I’m not here to wag my finger at capitalism. I bought lovely tangerine suede sandals just last week in anticipation of vacation/summer. If I could afford the vacation days or the dollabills, There would be a Scooby-Doo style puff of dust behind me and a SwearyMissMary shaped hole in the office wall. So yeah, Blue Monday is all pseudoscience – it sounds like it could be true, so, yaknow, maybe there’s a kernel of something there.. But there’s no real research behind it (except the reallyReally good New Order song part. That’s indesputable).
OK, by show of hands, who has enough fun in their lives? Anyone? Is that even a thing? I feel like I often get so bogged down in the gots-to-dos that I can make excuses for missing the fun happening around me. I’m like a grizzly bear standing in the middle of a river on a rock, trying to catch a salmon while hundreds of salmon are flinging themselves out of the water around me. Opportunities abound, I just have to catch something.
But days are long and workdays are tiring and weekends are full of needful things, and then, somehow, I can’t remember the last fun thing I did.

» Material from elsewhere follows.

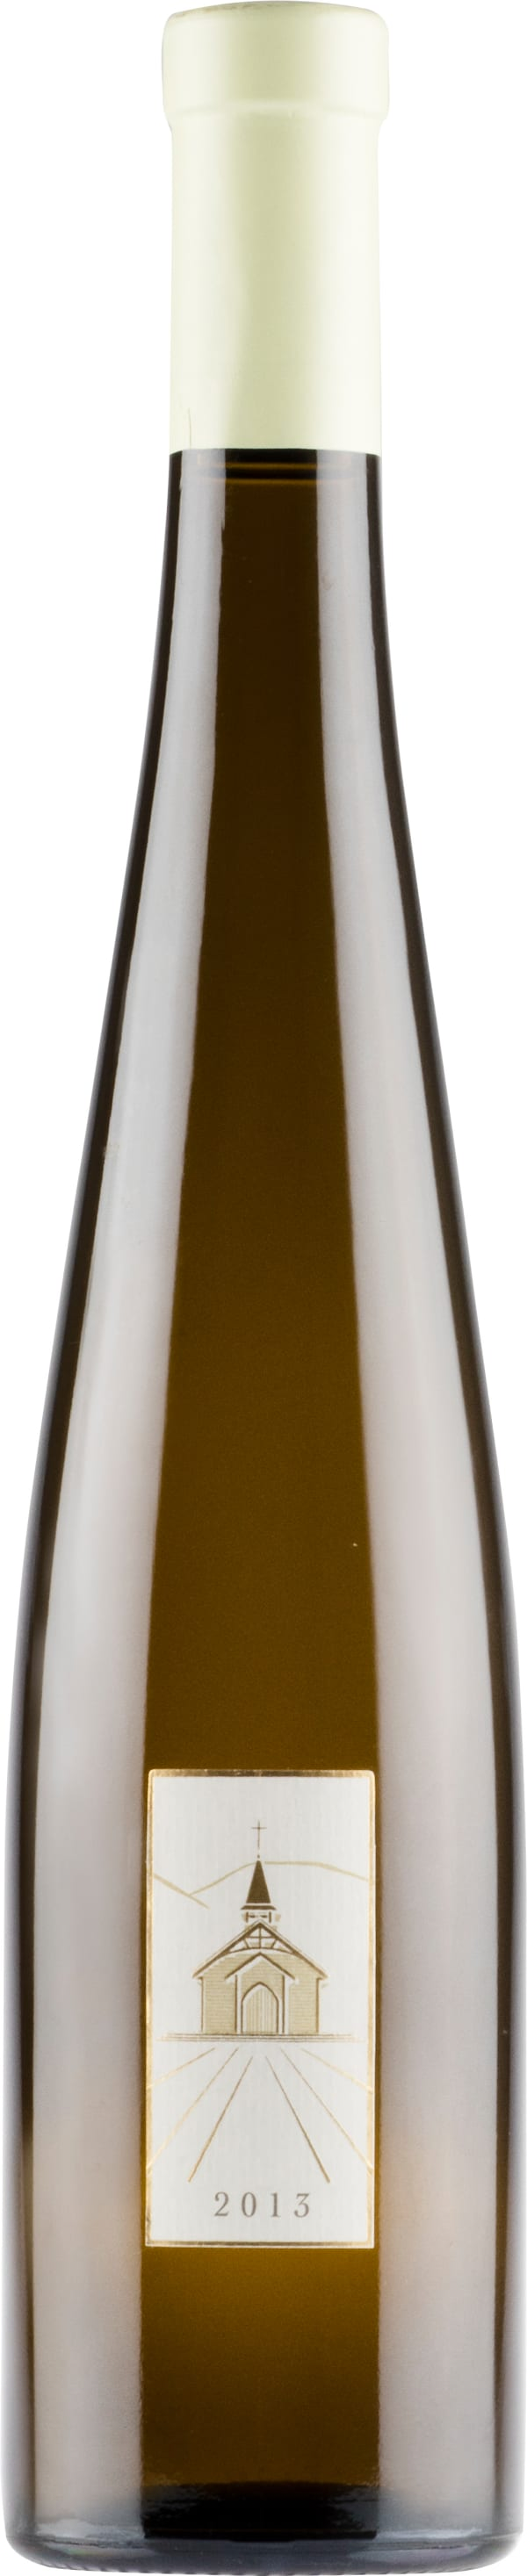 Clos Henri Patience Late Harvest Sauvignon Blanc 2013

Celebrating is important, and I’m happy to jump on every bandwagon that comes along. Sometimes those are more frivolous than others. Especially considering that so many of us struggle with the overwhelming nature of major holidays, it’s good to spread out the fun rather than cramming all your fun expectations in one stocking (sorry, Santa!)

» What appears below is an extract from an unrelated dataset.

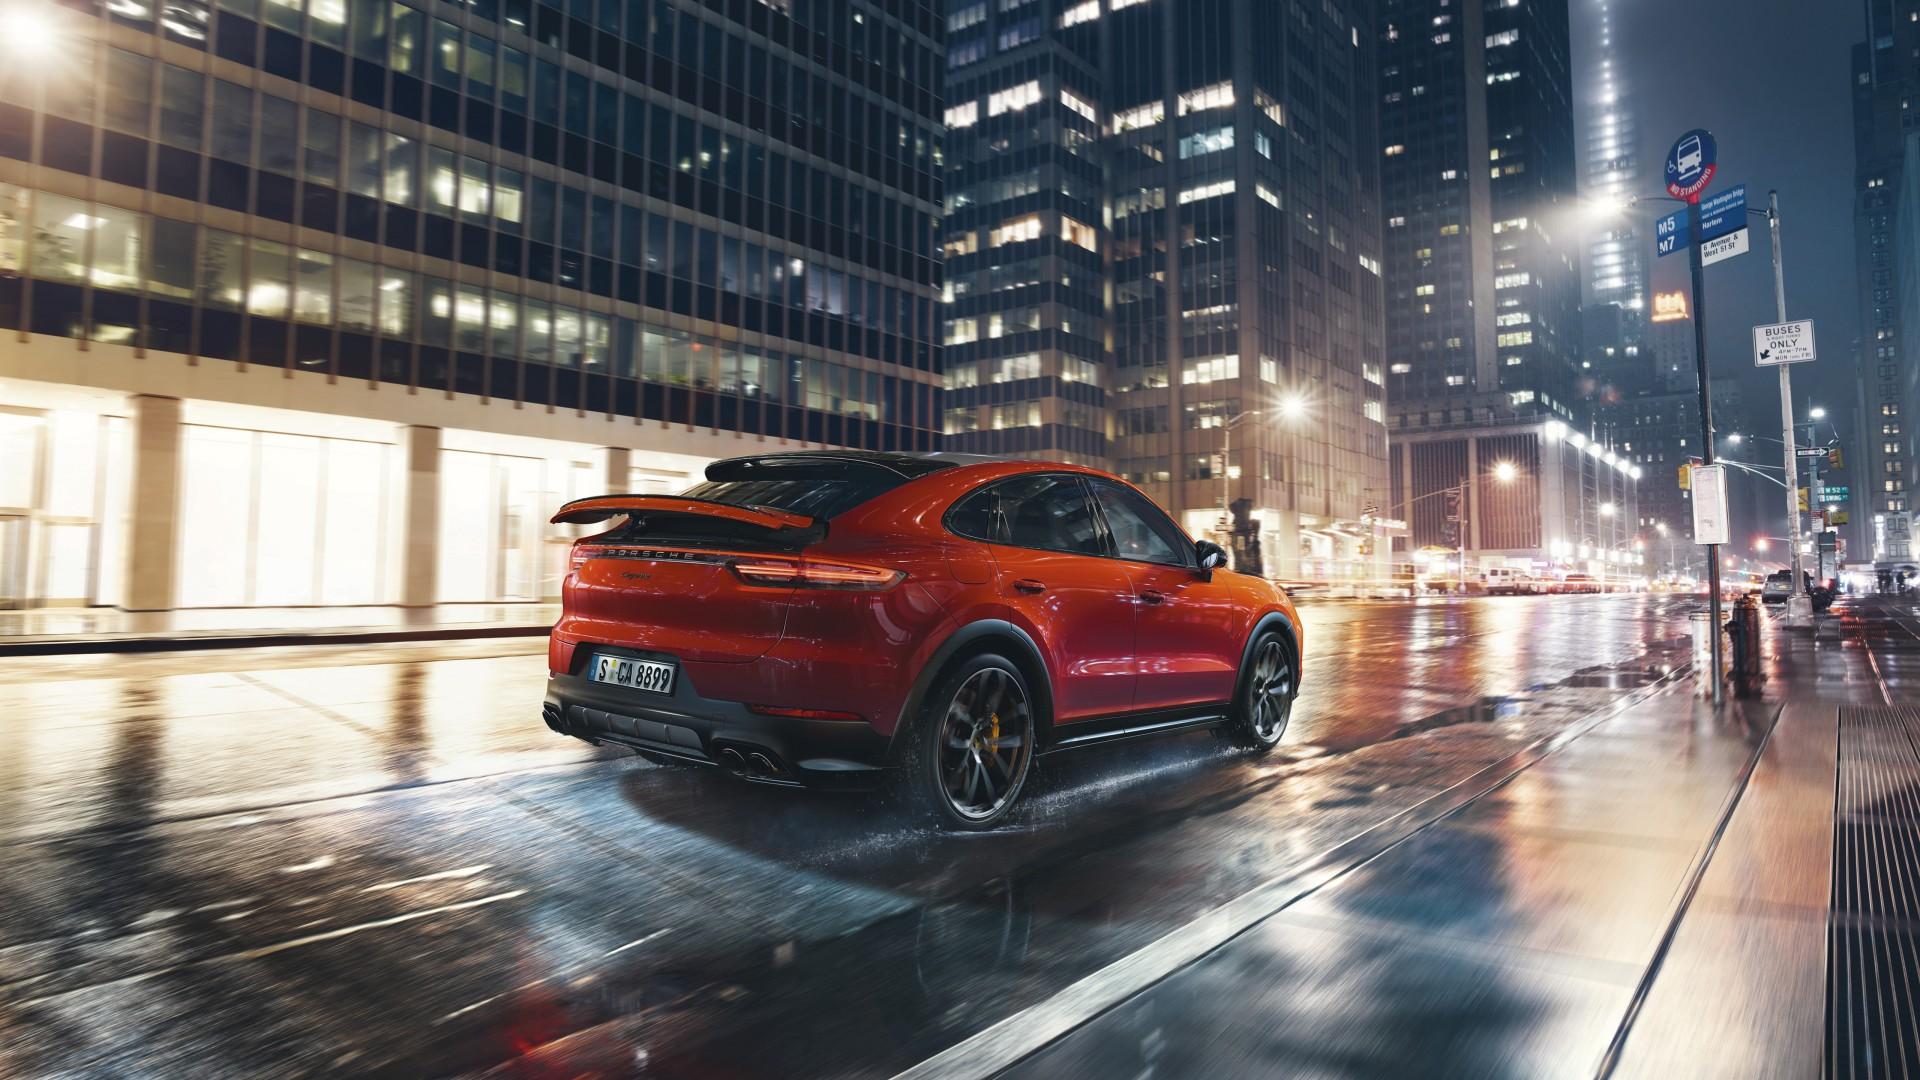 Porsche Cayenne Coupe 2019 4k 4 Wallpaper Hd Car

So, It’s January. We’re just a few weeks into a new calendar year. Opportunities spread out in front of me in the hundreds.
Spending a bit of time handing out cards with goofy puns to your friends and eating more cinnamon hearts than you probably should is fun. And if you use that as a springboard to a better appreciation of relationships in your life, even better. Wear green because it’s St Patrick’s day? OK! You don’t need to drink the green beer. For other frivolous fun days like Talk Like a Pirate day (September 19) or National Chocolate Cake day (January 27). Have cake. Don’t. Whatever. Wait for National Hot Dog day instead if you’re on Keto. If you don’t want to contribute to the Hallmark Overlords monopoly on a holiday, don’t buy a card. Easypeasy.
But if you want to have a Star Wars movie Marathon on May 4th and 6th, do. If you want to have raspberry pie with your work peeps and make pasta pie for dinner on March 14th (Pi Day), do. Fly your extra nerdy science flag on Mole Day. Turn out your lights and play cards by candlelight on Earth Day (April 22) and plan your wardrobe appropriately on Wear a Sweater day (Feb 6). Maybe that will inspire better stewardship of the earth more often. If not, you did a good thing on one day. Good is still good. Make some brownies on April 20. There’s the November trifecta of Black Friday, Cyber Monday, and Giving Tuesday. There’s Taco Tuesday and Pancake Tuesday and Meatless Monday and Soup on Sunday and YayReportCardDay. So many reasons to have a little celebration (and some of them even aren’t about food).
February 1 is the start of the new fiscal year in DayJobLand, and I’ve already been flipping the pages of the calendar to decide when to schedule the year’s Yay!Cation. This year, when there’s a chance to do something novel, I’m going to do it. Watching the news even once a week gives me enough reason to want to go hide somewhere and wait for the doomsday clock to finally tick over. I’m going to look for reasons to feel amused and joyful. And dogpile on that like it’s my job.
According to the Internets, today is Museum Selfie day, National Banana Bread Day, National Squirrel Appreciation Day, and National Hugging Day. Surely there’s some good times hiding in there somewhere, right? If that doesn’t inspire you, it’s also Mariachi Band day.